In Germany, there are signs of a tightening in the granting of real estate loans. Federal government plans to raise minimum equity requirements for borrowers. In concrete terms, at least 20 percent of the purchase price will have to be contributed as equity in the future. It means that in the future borrowers will have to bring more financial resources to get approved for a real estate loan.
The plan is welcomed by experts as it can help reduce the risk of a real estate bubble and a simultaneous overheating of the market. Recently, banks in Germany had increasingly granted real estate loans, even without sufficient equity capital of the customers. The result could be payment difficulties and losses, even foreclosures.
The new rule is also intended to help ensure that more consumers have long-term financial security. After all, if you don’t put enough equity into your loan, you run the risk of not being able to make the monthly payments and getting into financial trouble. The planned regulation is therefore an important protective mechanism for consumers, which can have a positive effect on financial stability in Germany.

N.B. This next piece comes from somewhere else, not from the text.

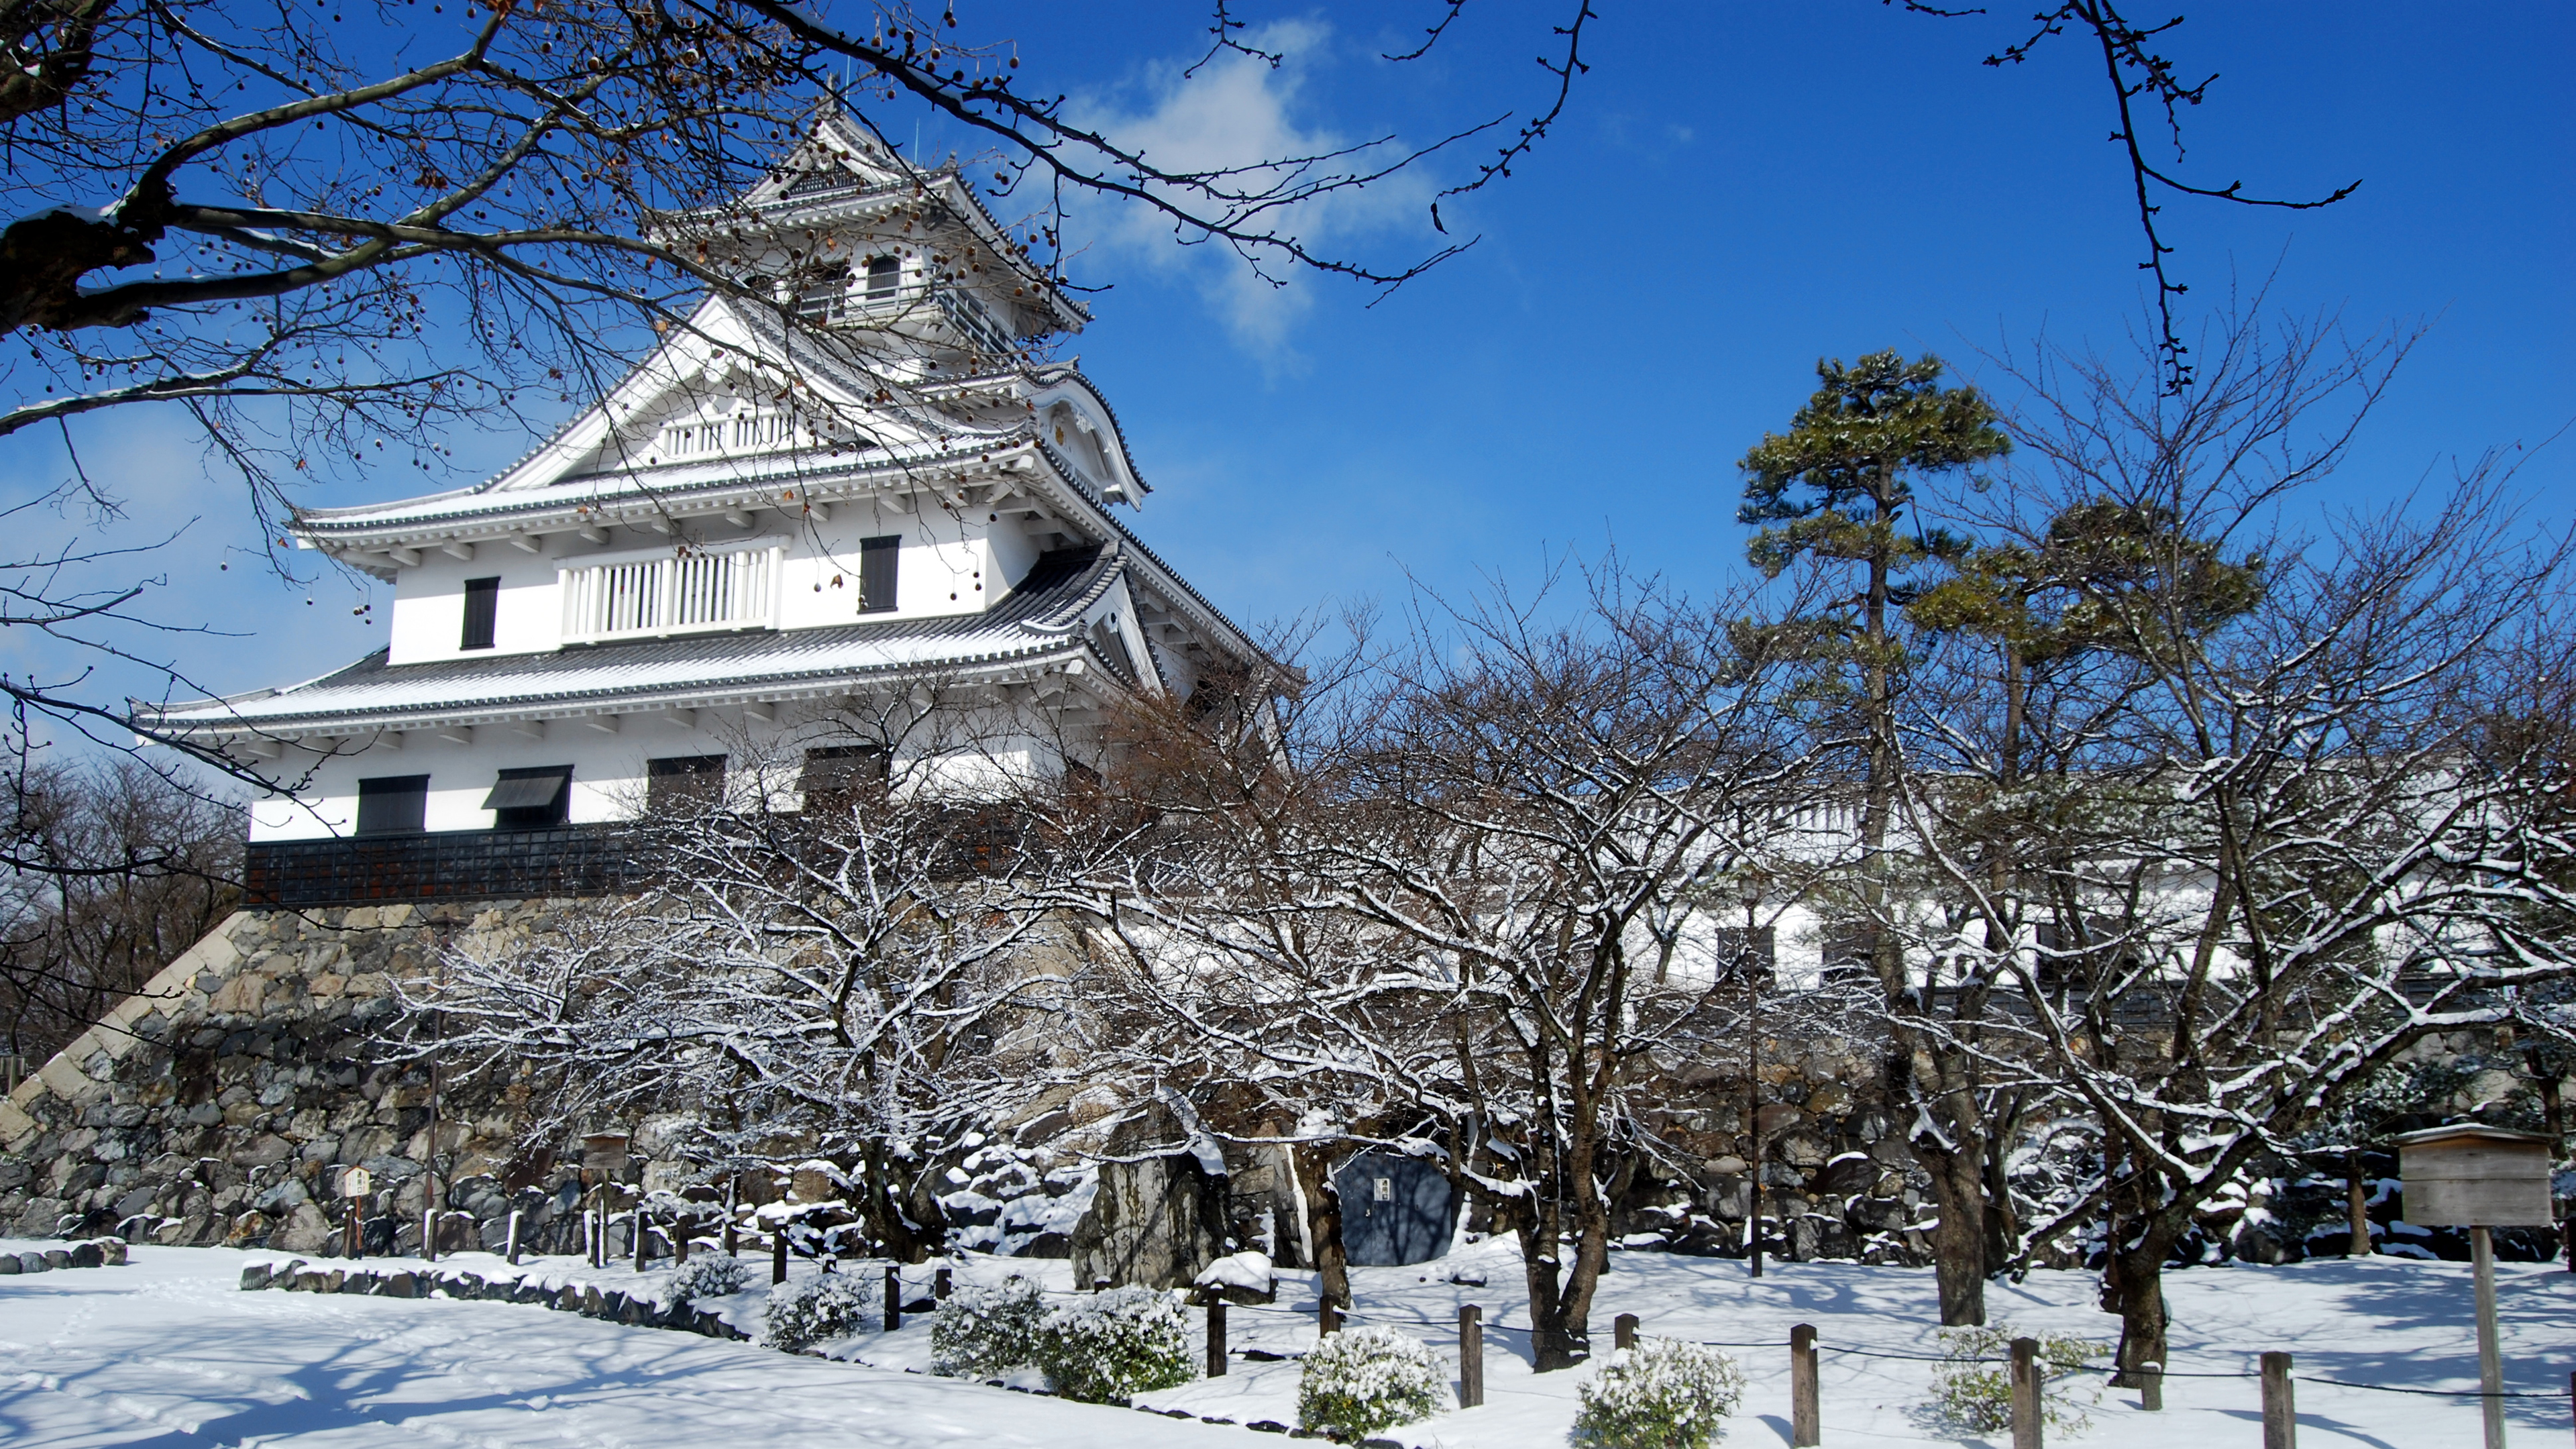 General 3840x2160 Japan winter snow temple Asian architecture

It remains to be seen if and when the new regulation will come into force. Until then, real estate buyers and potential builders should already inform themselves about their financing options and, if necessary, build up reserves to meet the increased equity requirements.
Changes in the granting of real estate loans
The year 2021 will bring changes in the granting of real estate loans. A tightening is getting closer that matters to buyers and builders. From next year, they will have to show at least 20 percent equity for a property in order to obtain a loan for it. A high hurdle for many people who do not want to give up the dream of owning their own home.
But what does this tightening mean for the market?? On the one hand, it will mean that many people who previously received a loan for their property will no longer be able to obtain it in the future. On the other hand, it will lead to a decrease in purchasing power and a slower real estate market.
For banks, on the other hand, the tightening means more security. This is because the higher a customer’s equity, the lower the risk of default for the bank. This means that banks will favor certain customers and exclude others from the outset.
- Fewer loans for real estate
- Declining purchasing power
- Slower real estate market
- More security for banks
It remains to be seen how the tightening will affect the market. One fact is certain, however: for many people it will become more difficult to get a loan for their dream property.
Why is the granting of real estate loans being tightened??
Residential real estate is considered a stable investment in Germany and is very popular with investors. This popularity has led to a real estate boom in recent years, which has led to inflated prices and high demand for real estate loans. Legislation requires that, in order to prevent financial crises in the future, a higher level of equity must be contributed when real estate loans are granted.
The tightening in the granting of real estate loans is getting ever closer, with the minimum amount of equity required to rise to up to 20 percent. This requirement would mean that in the future significantly more equity must be included in the financing of real estate projects. For many investors, this could mean having to resort to another investment product.
The higher requirements for real estate lending are intended to help increase the stability of the financial market and avoid financial crises if necessary. In addition, the tightening is intended to help prevent future real estate bubbles, as a higher equity ratio reduces the pressure on the real estate market and thus also reduces the risk that excessive prices will be paid for properties.
- Conclusion: The stricter requirements for granting real estate loans are an important step toward reducing the potential instability of the financial market. However, the tightening will also lead to many investors having to look for alternative investment products, as a higher equity ratio will be required when financing real estate.